■ PROBLEM TO SOLVE: Return the whole listing exactly, omitting the pictures.

■ DATA BLOCK:
━━━
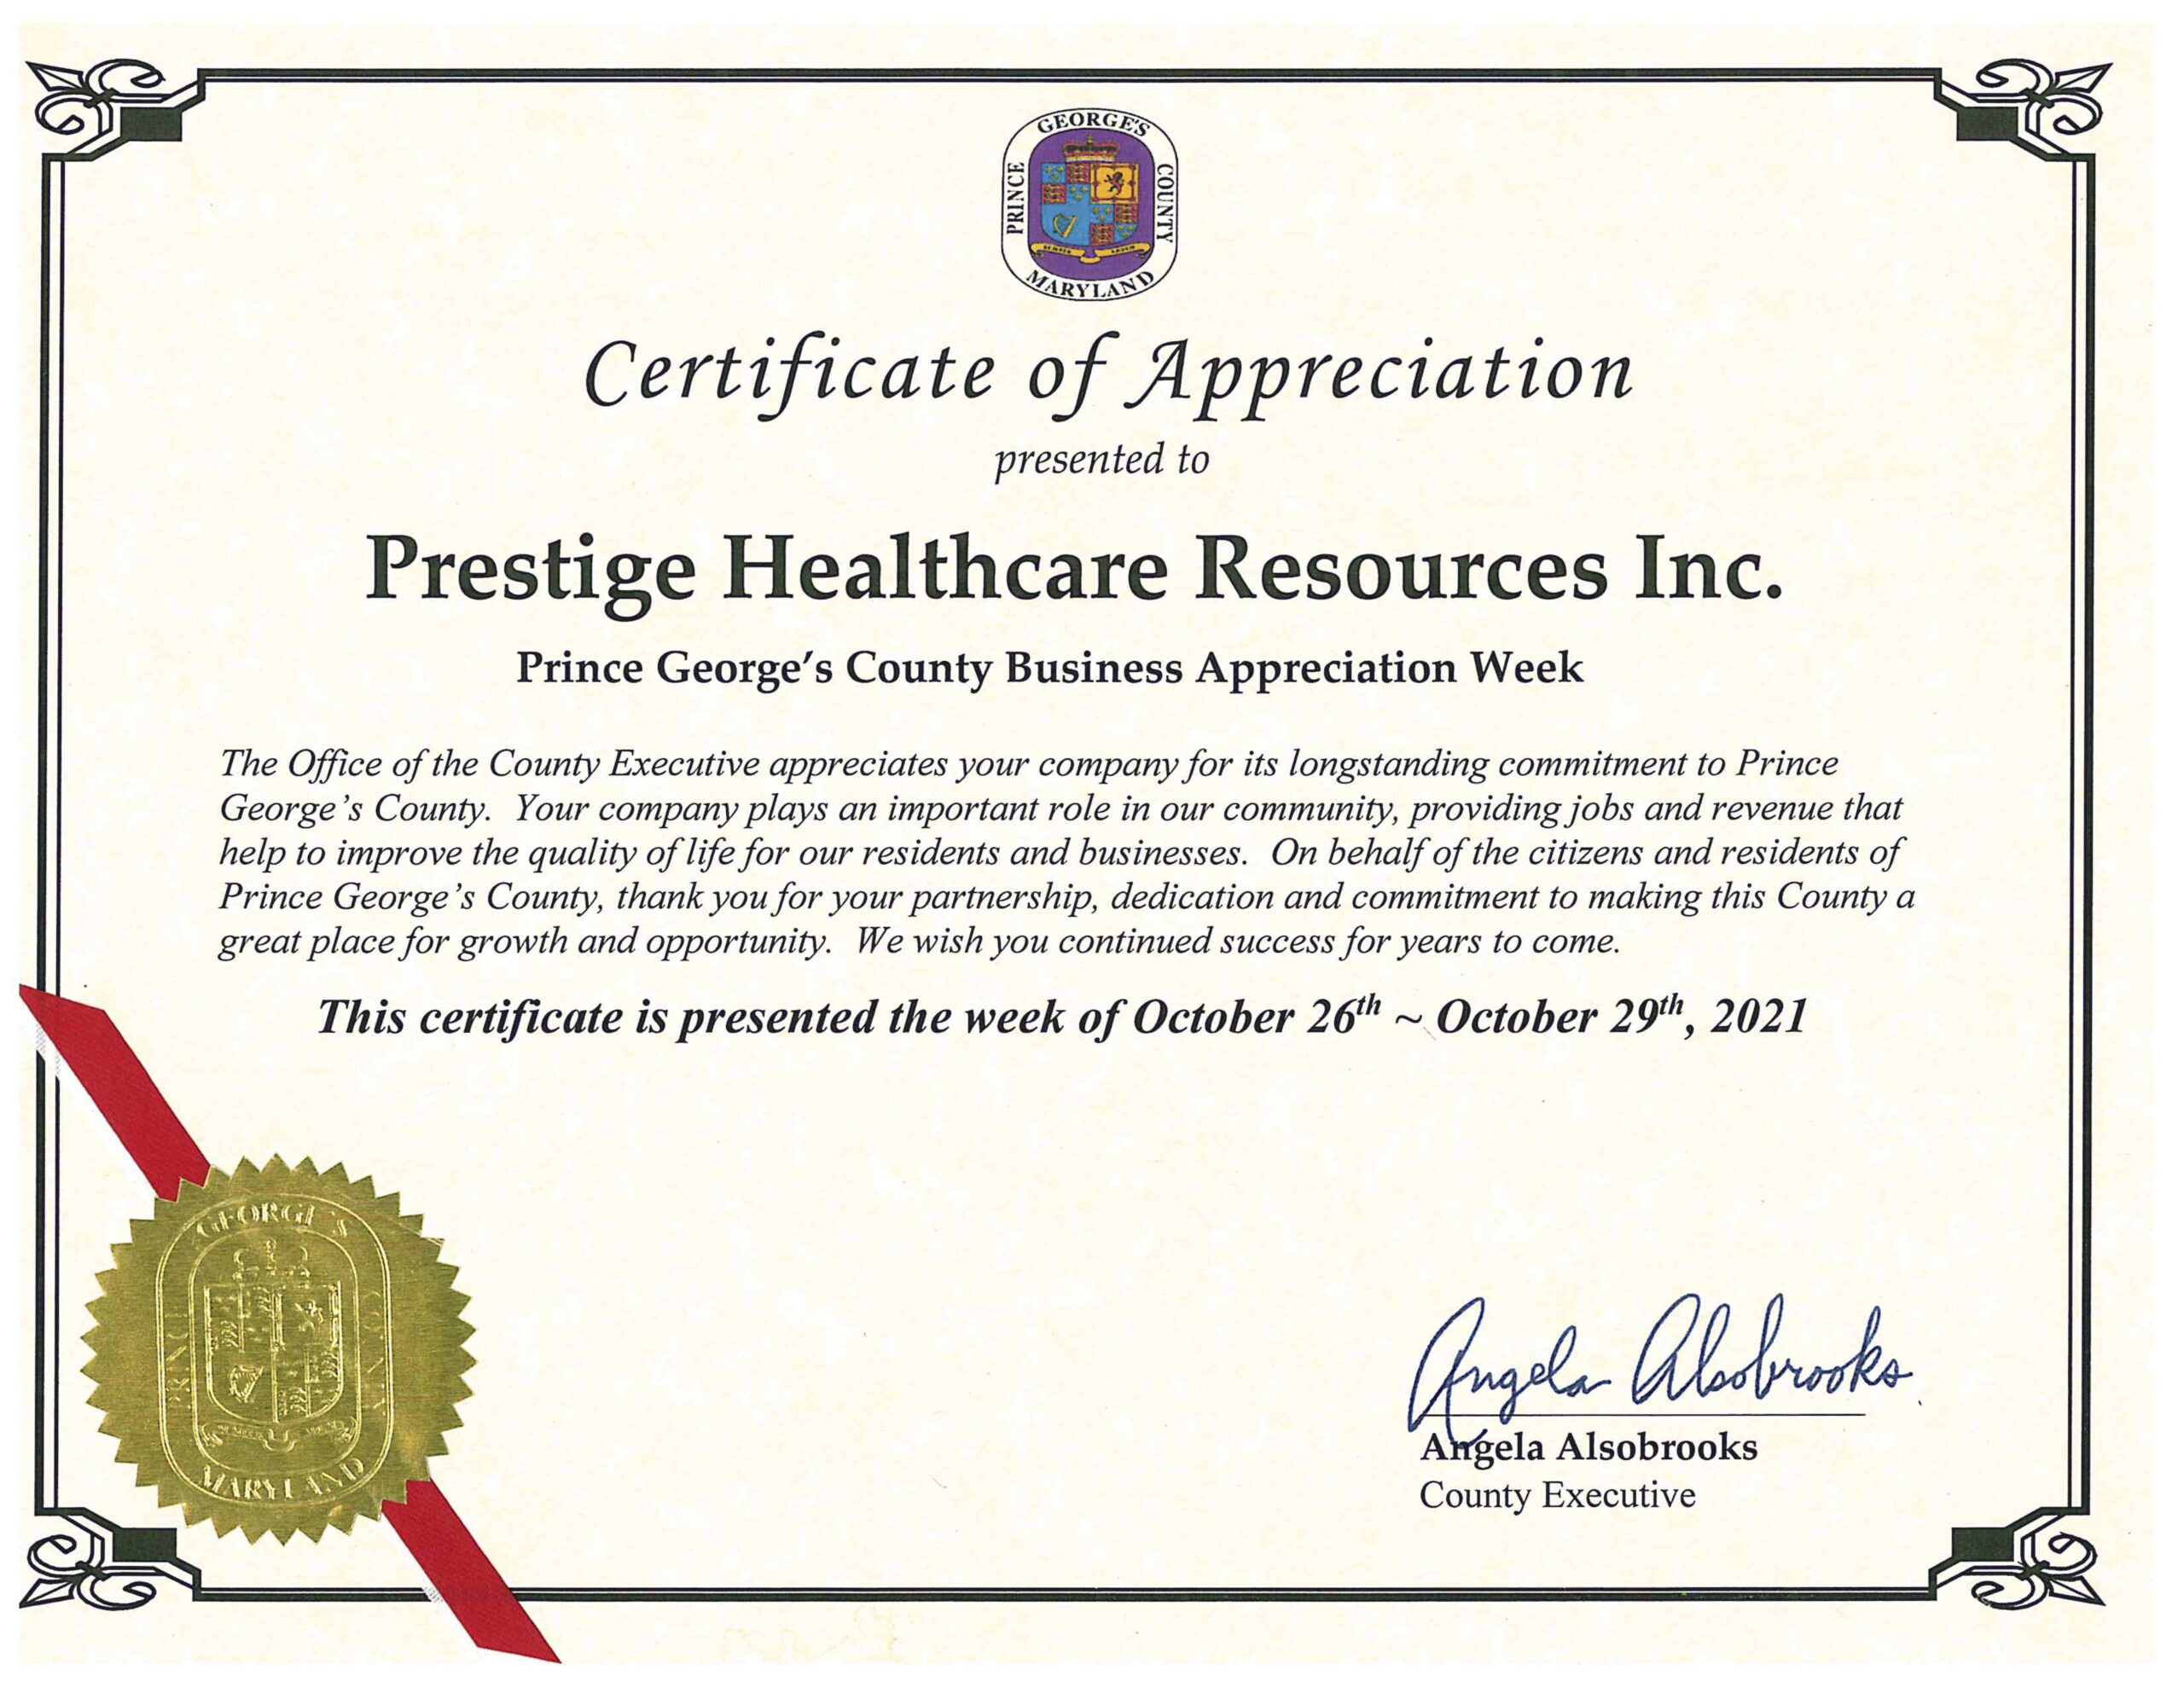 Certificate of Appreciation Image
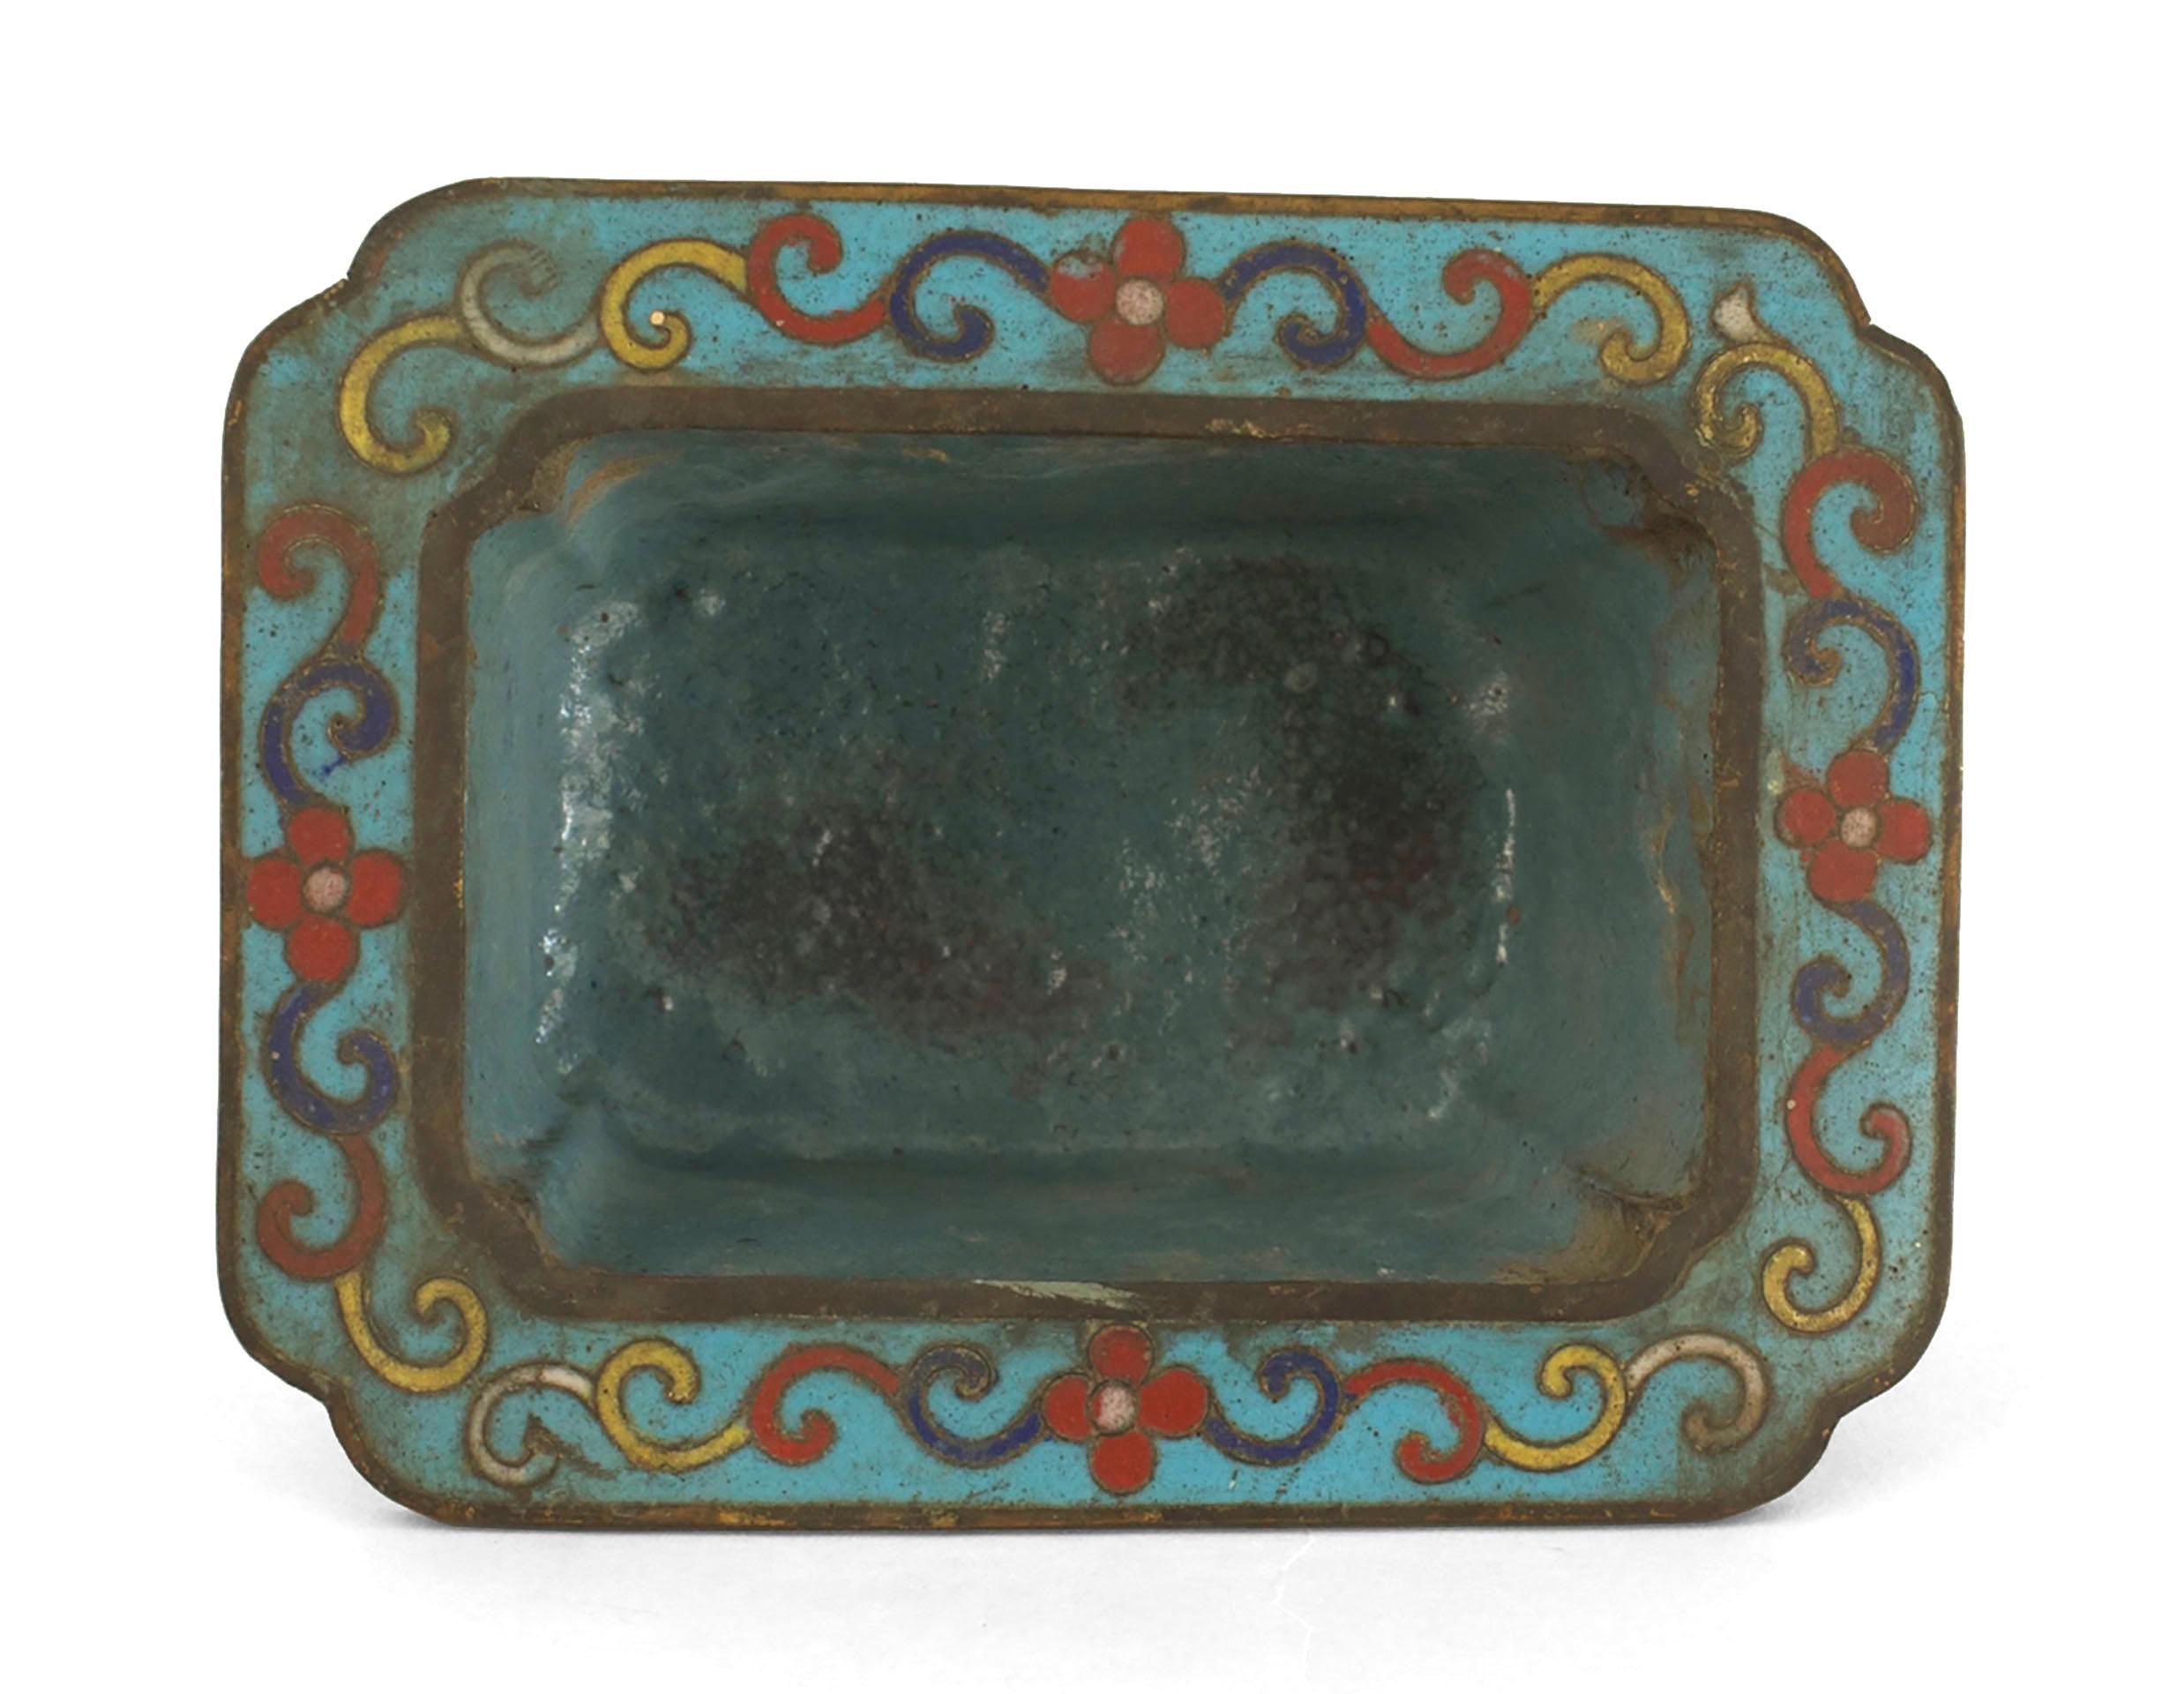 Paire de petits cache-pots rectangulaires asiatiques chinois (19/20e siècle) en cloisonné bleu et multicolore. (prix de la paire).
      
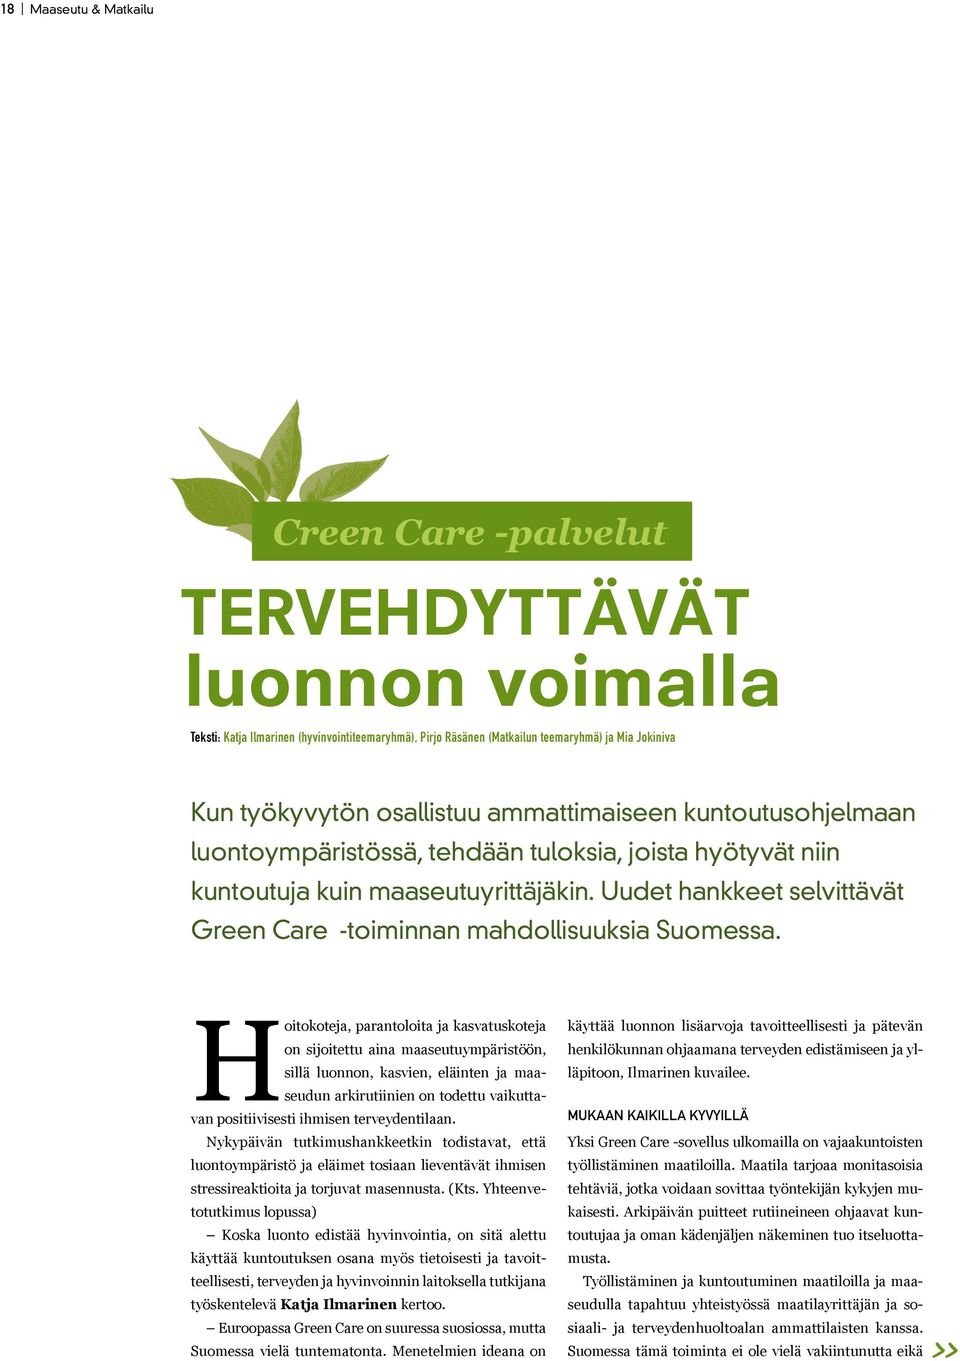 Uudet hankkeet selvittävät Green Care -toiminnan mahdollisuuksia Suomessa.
━━━
■ RESULT BELOW:
 Certificate of Appreciation Image
 Paire de petits cache-pots rectangulaires asiatiques chinois (19/20e siècle) en cloisonné bleu et multicolore. (prix de la paire).
      
 Uudet hankkeet selvittävät Green Care -toiminnan mahdollisuuksia Suomessa.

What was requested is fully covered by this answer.